After identifying the NISP’s involvement in COVID-19’s activation of PD, the associated molecules between COVID-19 and SNCA were trimmed to only the molecules that were involved in the NISP. These molecules were further trimmed to identify those molecules downstream of ACE2 and upstream of the NISP, leaving six molecules. IPA’s “Grow” tool was used on these six molecules (CCL2, CCL5, PTGS2, IL1B, TNF, IL6) to identify the associated molecules for the downstream effect analysis. These molecules had a significant overall p-value of less than 0.05. Chemokine receptors, specifically CCL5, have multiple functions in the CNS, including neuroinflammation, insulin signaling, neuromodulation of synaptic activity, and neuroprotection against a variety of neurotoxins [25,26]. Avdoshina et al. showed that morphine administration enhances the release of CCL5 from astrocytes that inhibit HIV gp120 BaL-mediated neurotoxicity [25]. In addition, CCL5 has also shown neuroprotective activity against various neurotoxins including viral proteins gp120 [27], the transactivator of transcription (TAT) [28], glutamate [29], and β-amyloid [30]. The neuroprotective properties of CCL5 are mainly attributed to its potential to increase neurotrophic factors, such as brain-derived neurotrophic factor and epidermal growth factor [31]. Our results suggest that COVID-19-mediated downregulation of IFNG inhibits CCL5 expression, as shown in Figure 10. Along with the upregulation of inflammatory mediators such as IL1B, TNF, and IL6, the downregulation of CCL5 can be a major contributor to COVID-19-mediated neuroinflammation.

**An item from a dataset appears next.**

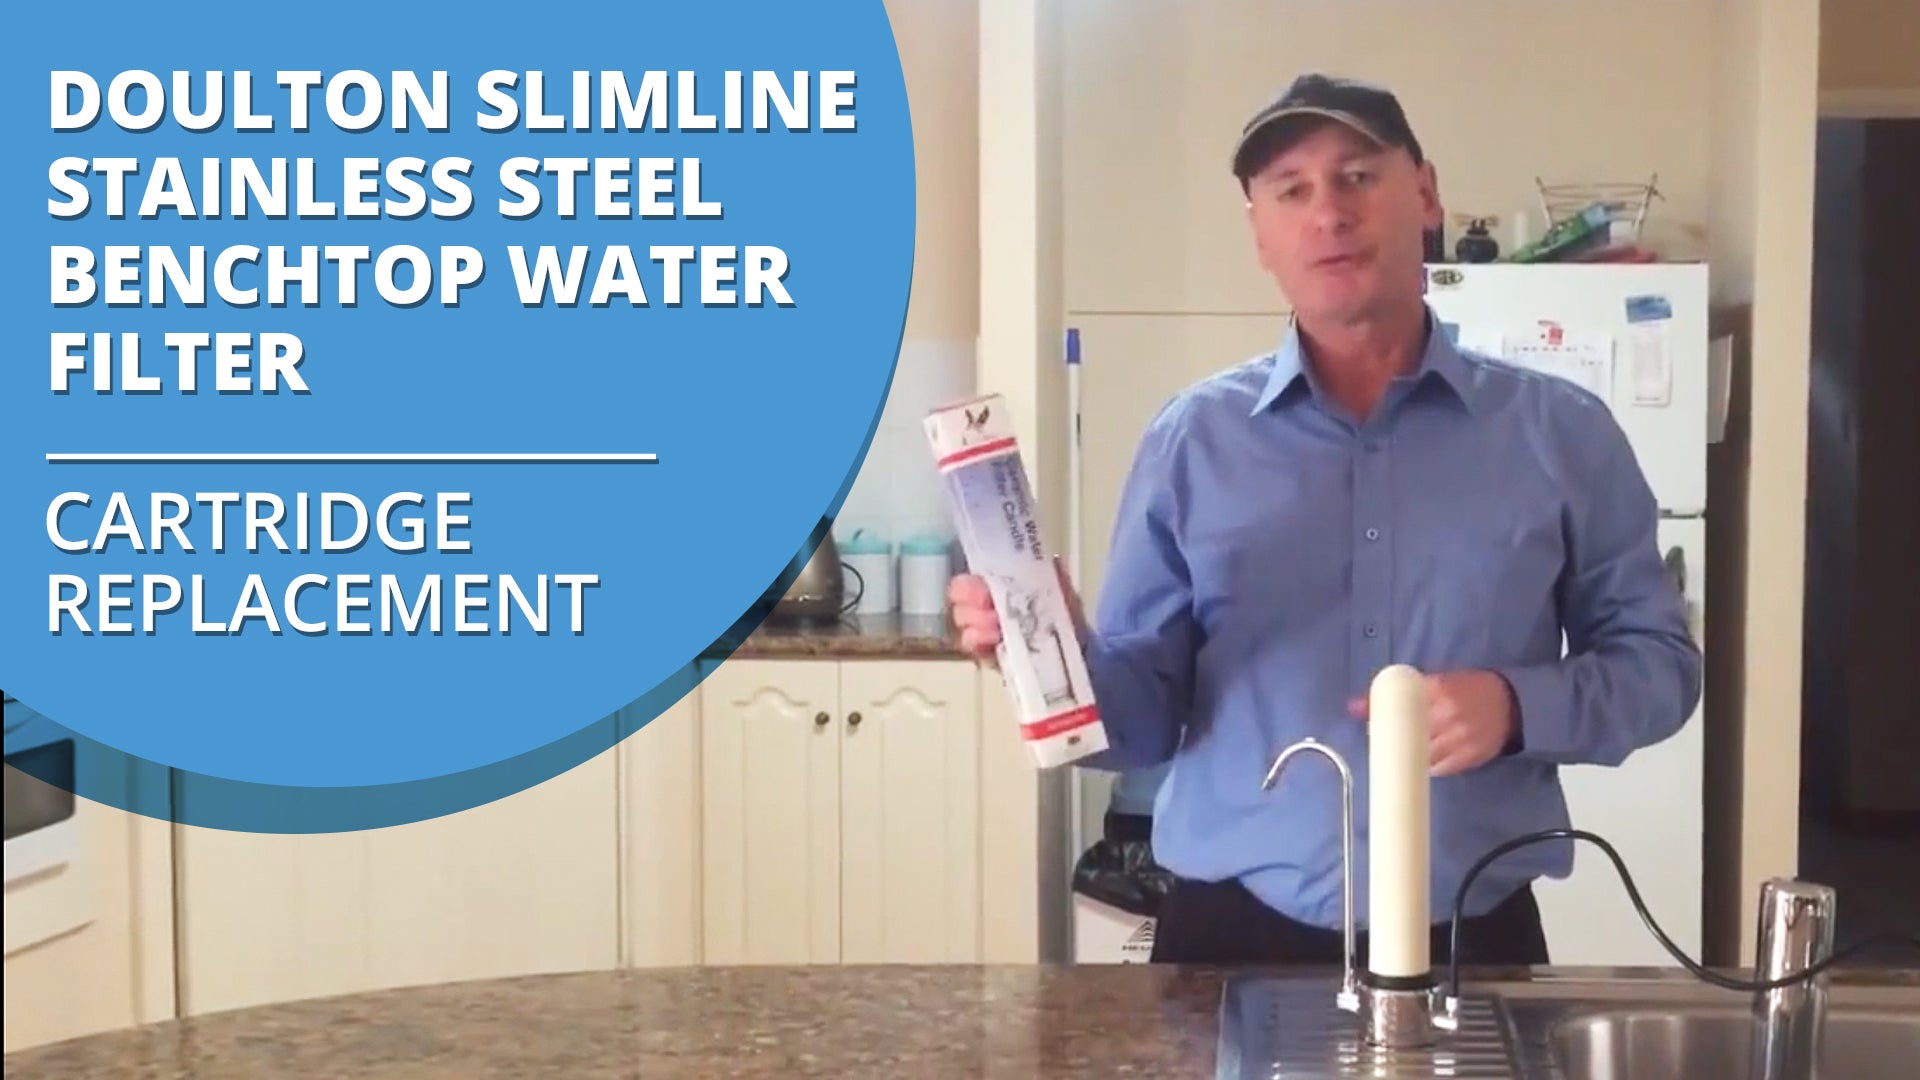 [VIDEO] Doulton Ultracarb Slimline Stainless Steel Benchtop Water Filter Cartridge Replacement Video

PTGS2 codes for an enzyme called cyclooxygenase 2 (COX-2), which contributes to neuroinflammation. Increased expression of COX-2 in activated microglial cells can increase the production of pro-inflammatory cytokines such as TNF and IL1B. These pro-inflammatory cytokines contribute to the neuroinflammation response [32]. The present network’s meta-analysis study suggests that COVID-19-induced downregulation of ACE2 elevates SNCA expression through the NISP, leading to the formation and aggregation of Lewy bodies and eventually leading to PD progression. The downstream effect analysis of ACE2’s effect on SNCA expression showed significant overall activation of PD from COVID-19.

The bioinformatics tool, IPA, gathers millions of literature findings curated by thousands of scientists to create connections that are time- and material-efficient compared to other methods of gathering information. COVID-19 is a global pandemic and a large health concern for the past few years that has taken millions of lives and infected many more. To study how this global pandemic affects patients with PD, using IPA is a time-efficient tool that allows us to examine much literature and simulate predictive infections of SARS-CoV-2 to examine the PD pathways that have been studied before. By using IPA, we can study a new disease’s impact on a well-studied disease and predict the impact of the new disease on a well-studied diseased, which we have done with COVID-19 and PD. Due to the novel nature of COVID-19, its effect on PD is not well studied. Thus, the strength of IPA allows us to view the associated molecules from the literature on COVID-19 to provide us with more insight into COVID-19’s impact. Furthermore, PD is a disease that develops over time, which makes researching the long-term effects of COVID-19 on PD progression difficult to examine. Using IPA’s MAP tool to simulate the infection of SARS-CoV-2 and examining its effect on the pathways involved in the progression of PD, we can predict the effects of COVID-19 on PD without needing to perform long-term studies on populations that have been infected with COVID-19 and their development of PD.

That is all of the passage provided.